Eggplant, chickpeas, tomatoes, and warm spices like cinnamon and cumin cook slowly with a small portion of lamb into a fragrant tagine. Served over couscous, rice, or other whole grains, this dish marries plant-based ingredients with tender meat for one of the best plant forward meals. The gentle spices and slow cooking build delicious flavor without requiring much active attention.

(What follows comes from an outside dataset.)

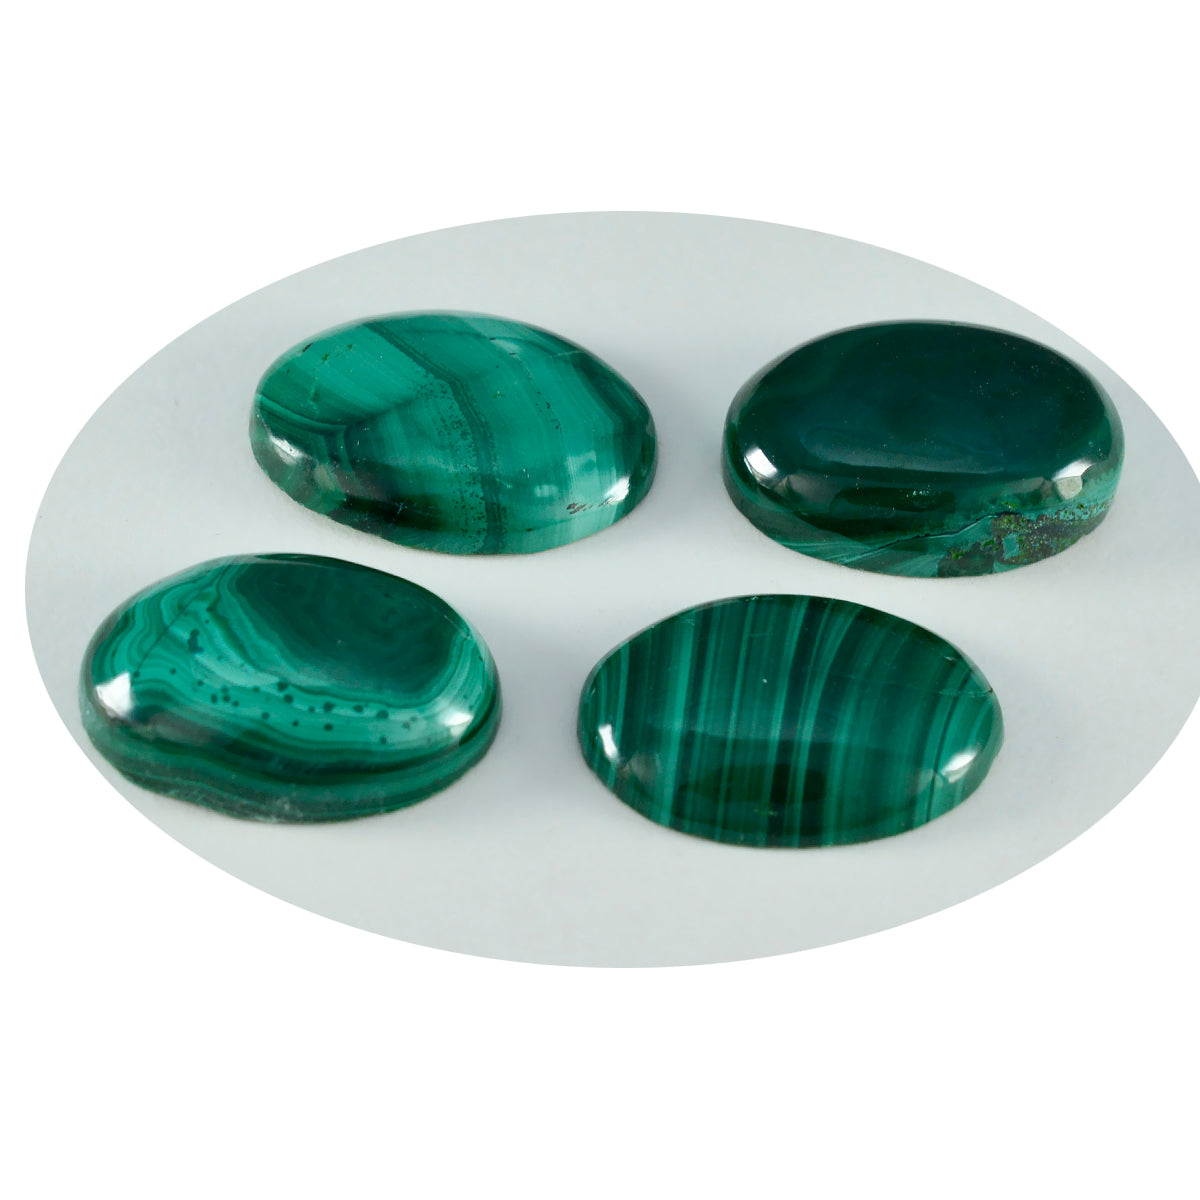 riyogems 1pc グリーン マラカイト カボション 10x14 mm 楕円形 AA 品質ルース宝石

#41. Grilled Portobello and Beef Strip Steak with Herb Sauce

Marinate portobello caps and thinly sliced beef steak in balsamic, garlic, and herbs, then grill until juicy and tender. Serve them with a bright herb sauce and a side of grains or potatoes. Like the cauliflower earlier, these mushrooms move easily to the center of the plate while the steak adds the most substantial meat allowed within a plant-forward approach-making this the richest in meat among these balanced plant-forward meals.


Conclusion

Working more of the best plant forward meals into your week doesn’t have to feel complicated or restrictive. With a little variety, the right pantry staples, and a few dependable techniques, these dishes can carry you through busy nights, cozy weekends, and everything in between. If you want even more inspiration-and the kind of step-by-step guidance that makes plant-based cooking easier than ever-take a look at my guide to the best plant-based diet cookbooks. It’s a great place to find your next kitchen staple and keep the momentum going.